Sunshine, warmer temperatures, basketball tournaments and a looming St. Patrick’s Day all add up to Spring Break.  Our journey to the Holy Land to walk where Jesus walks begins today.  We spent a week getting ready, but now it is time to start experiencing what Jesus’ life was like during the years of his ministry.

The view from the ridge above Jerusalem lets us see what the temple looks like today, but look a little closer.  The archeological sites of the first and the second temple of Jerusalem are right there between the road the wall around the Temple Mount.  The first one seems so small buried down there right up against the wall just to the right of center.  The second temple is to the left, up against the wall.  The perimeters of all three temples are evident, the basic structure is very similar, but the years have certainly changed the look of the region.  This is no longer a rural area, it is a modern metropolitan area.

Yet, Jerusalem is where Jesus began his ministry in a very public manner.  He lost his temper.  On Ash Wednesday, we discussed how Jesus went to a wedding and his mother asked him to fix a problem:  the host had run out of wine for the festivities.  Even though he did not want to reveal his powers yet, he did turn the huge vats of water into wine, fine wine, protecting the family from shame within the community.

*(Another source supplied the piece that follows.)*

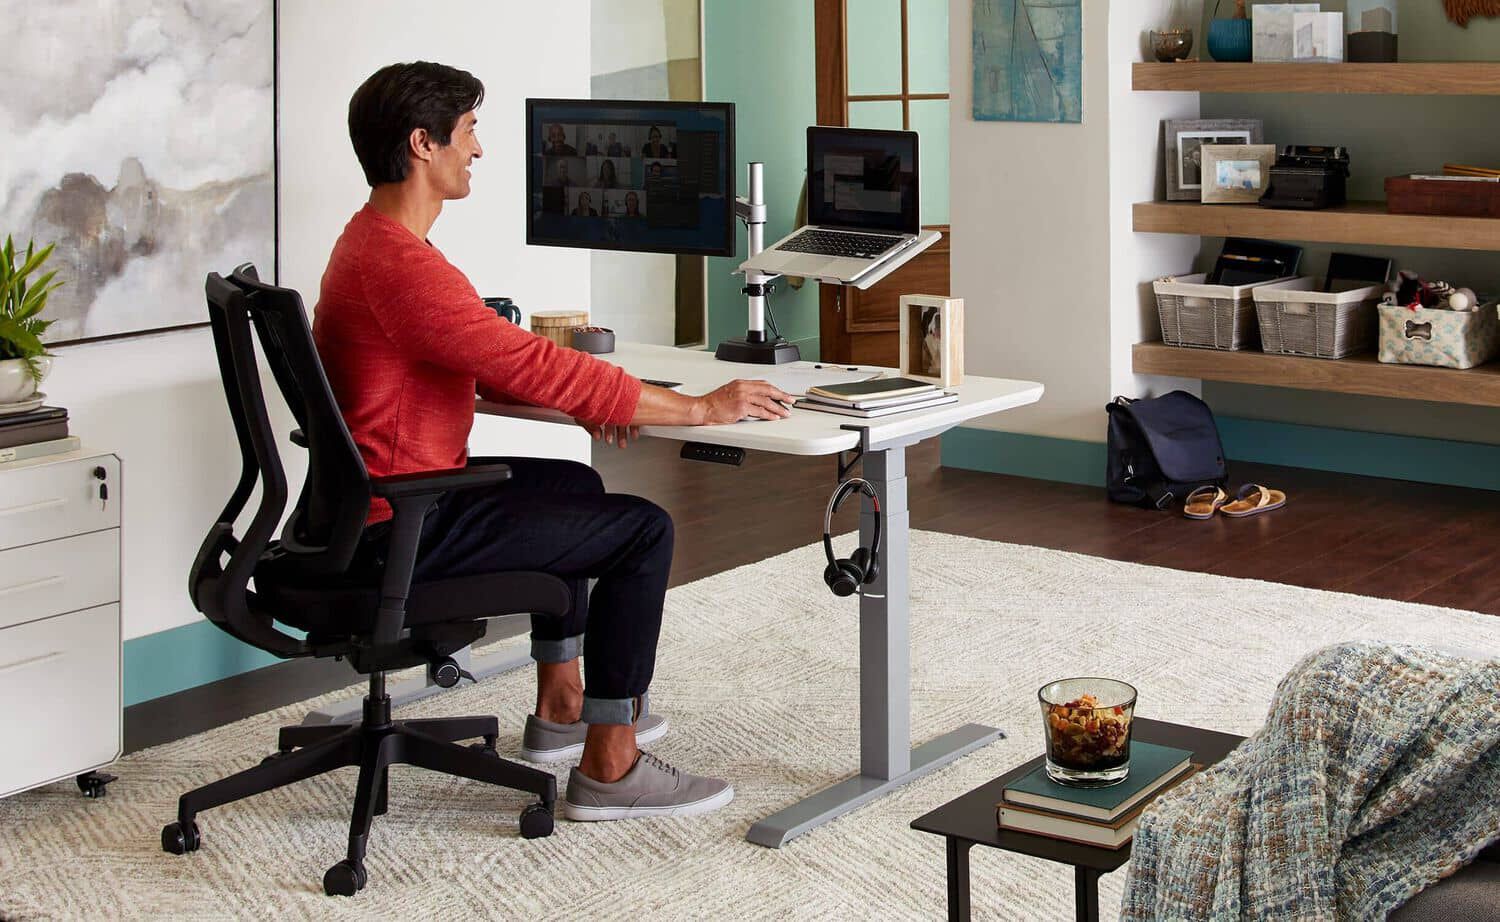 Vari Standing Desks & Office Furniture

Today, we have heard that Jesus walked into the temple when he arrived for Passover in Jerusalem.  He was so angry that he turned over the tables and scattered the coins all of there place.  He started a stampede of the animals there to be sold for sacrifice.  He started raging at the loan sharks.  Remember the verses in John 2?

He told the dove merchants, “Get your things out of here!  Stop turning my Father’s house into a shopping mall!” (v. 16)

Looking at the temple’s ruins, I can picture the scene so clearly.  I certainly am not surprised that the Jews were upset.  The Jewish people were proud of the temple, they lived the traditions of their faith for thousands of years, and Passover was a time of festivities.

One can imagine how Jesus felt as he left the temple.  Probably he was angry, but he was also exhausted.  You know how it is when you lose your temper and you walk away.  You are physically drained.  You certainly do not feel elated about the outcome.  You may even begin second-guessing what you did.  Jesus did know what he did.  He also knew he could not trust those at the temple.  The scripture John 2:24-25 states:

“He (Jesus) knew them inside and out, knew how untrustworthy they were.  He didn’t need any help in seeing right through them.”

Leaving the temple, Jesus walked the unpaved path, which is now paved.  He resumed his ministry but before he left Jerusalem a Pharisee, a prominent leader among the Jews, visited him late one night.  He came to understand who Jesus was and what he was preaching.

As I read through the timeline and saw the name Nicodemus, I could not remember his story and I was surprised to learn that this was one of the earliest conversations that Jesus had with one of the Pharisees.  I began reading, and as I read the Message version of the visit I found some answers.  My faith journey took a side trip that has provided me with almost a video image of that visit.

Nicodemus knew what was going on in the community, he had an idea who Jesus was, and he knew the prophecies which had long promised of a Messiah.  The first question listed in John 3 shows the curiosity Nicodemus had, his eagerness to understand:

“Rabbi, we all know you’re a teacher straight from God.  No one could do all the God-pointing, God-revealing acts you do if God weren’t in on it.”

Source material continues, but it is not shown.